Keep it real
Sad but true
Guilty Pleasures: Real life stories

by uploaded: 12-10-2004

Do you sneak your copy of Chat into the loo, ashamed of your love of the real life story? Well, at least it's better than reading Mills and Boon, says Beatrice Hatch

In the desperate catfight between prurience and moral superiority lies the battered carcass of the pleasure which is reading “Real Life Stories”. They lurk in the centre of cheap magazines between a feature on how to do your make-up like Cat Deeley and a full page advertising feature for an inflatable guest bed: “I married a man who turned out to be a wife-beating, alcoholic, cross-dressing, cat shagger. And then I married his brother who was teetoal but a bigamist”. Compelling revelations of people who look as bad as life has treated them. Mournful faces peering grimly from a thin but glossy mag. Life’s battlers, bearing the festering stamp of real life across their heads and four hundred and fifty quid in their back pocket.

It does feel terribly wrong to peep into these people’s miserable lives.
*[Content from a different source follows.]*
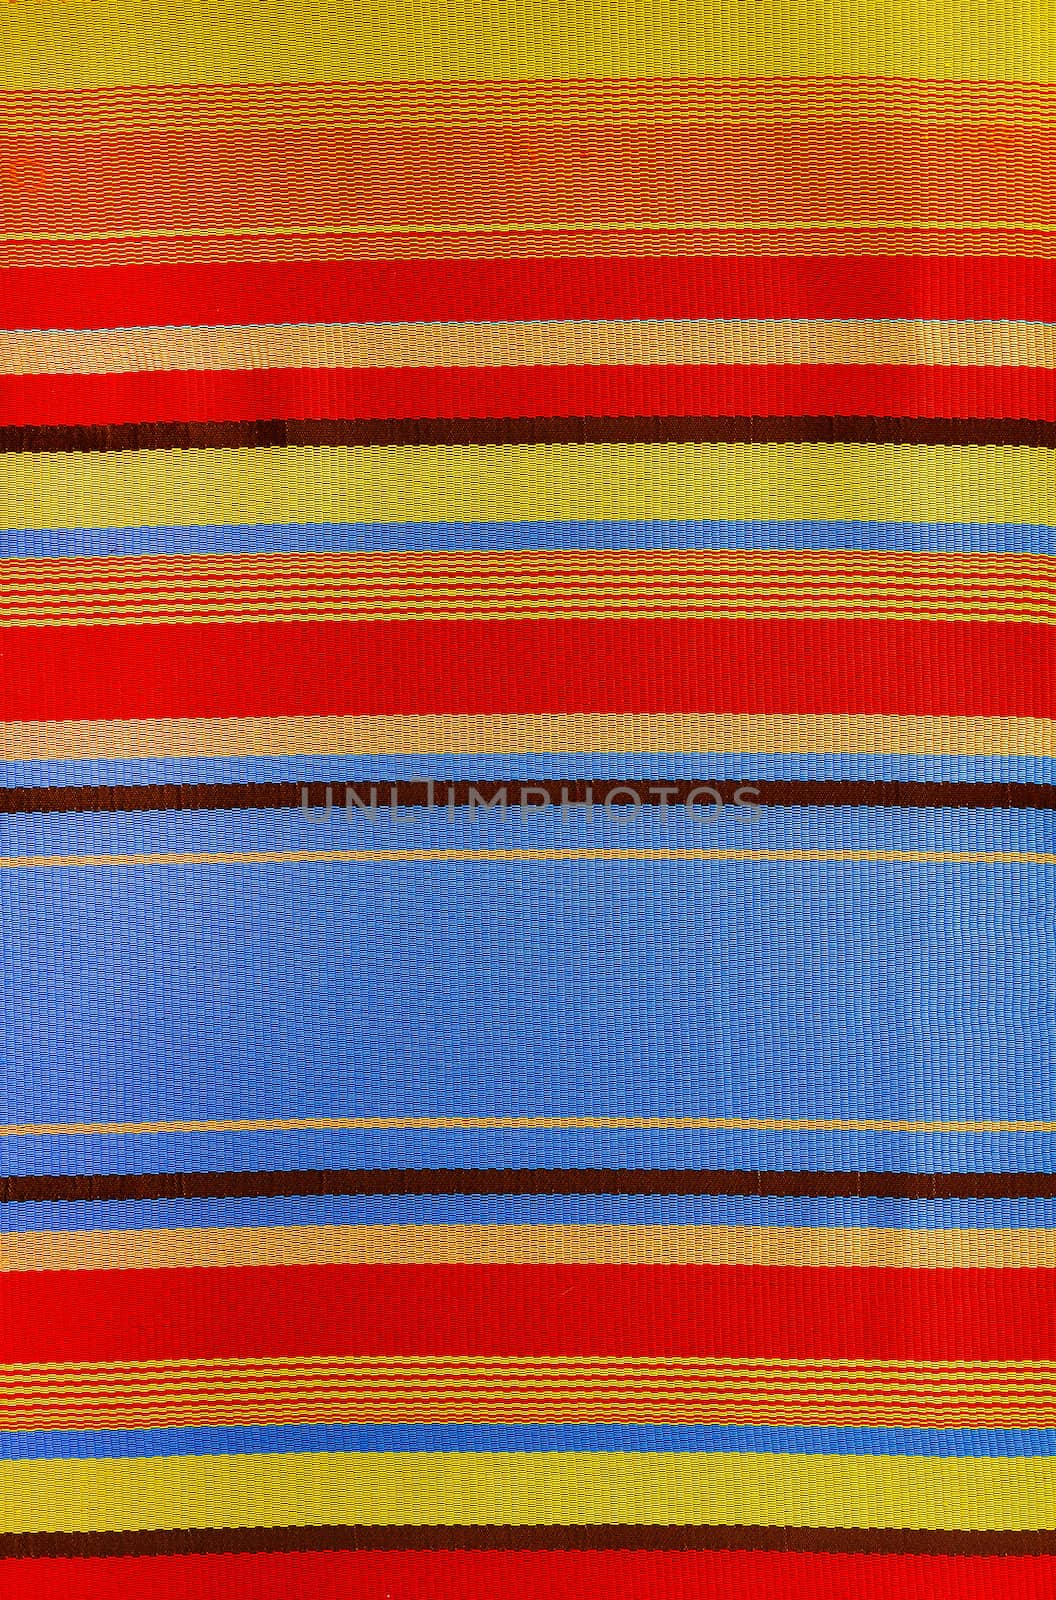 High resolution striped canvas fabric
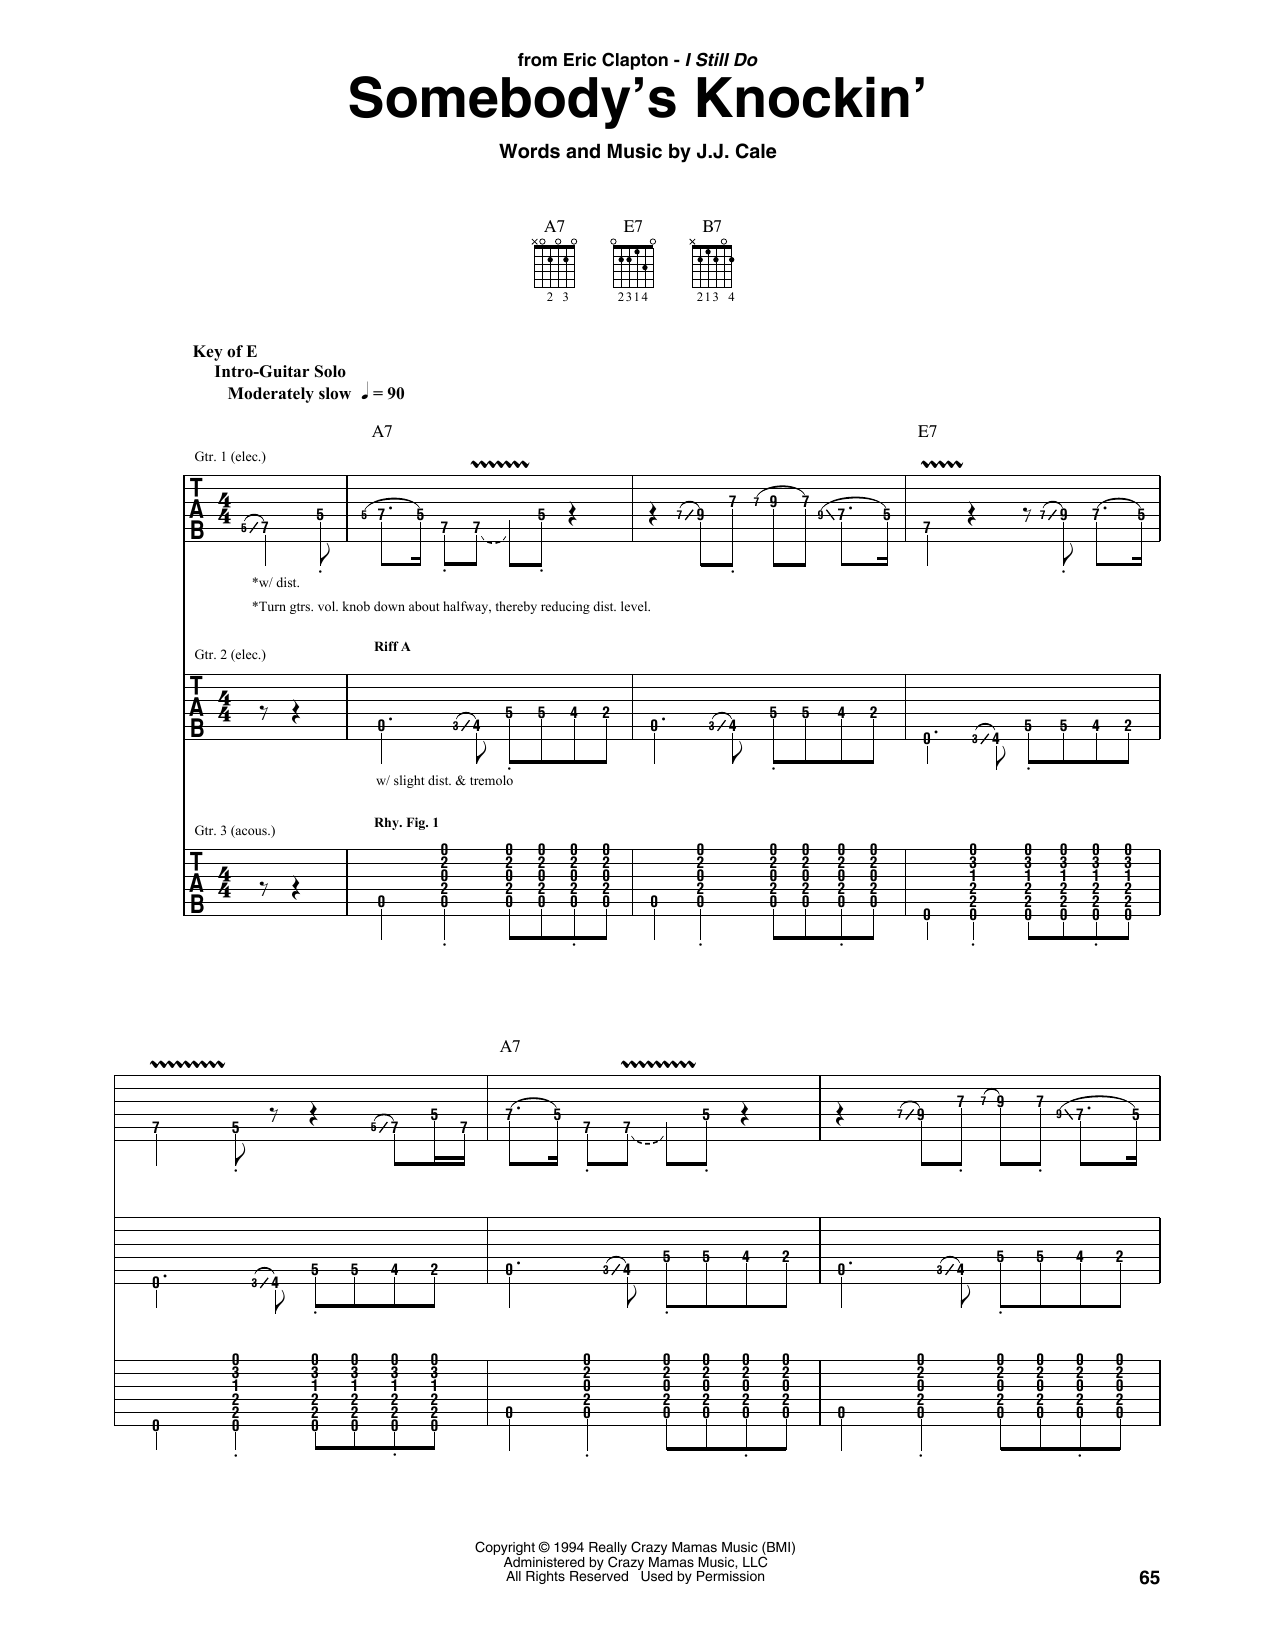 Eric Clapton Somebody's Knockin' Sheet Music Notes & Chords for Guitar Rhythm Tab - Download or Print PDF

To read the tales of serial victims, watch people spreading out before you the proof of their consistently bad judgement and worse than imaginable luck. Yet, once your eyes have flitted over “Hurry up Sinead,” yelled my sister Romilly “don’t forget it’s your blind date tonight” it’s a quick wince, flinch and you’ve reached “after five weeks in hospital Sinead still can’t feed herself but she has learned a valuable lesson: Next time, I’ll make sure he loves me back”. God, you could weep. What poor old Sinead actually needs is to realise that being “incurably romantic” and hoping each time she goes down the Coach and Horses that the big man who stares at her “might be that special someone” and not a dangerous dog owning loony, is a rubbish way to live her life. Yes, from now on, she must swap her romantic novels for real life stories, and get a bit savvy.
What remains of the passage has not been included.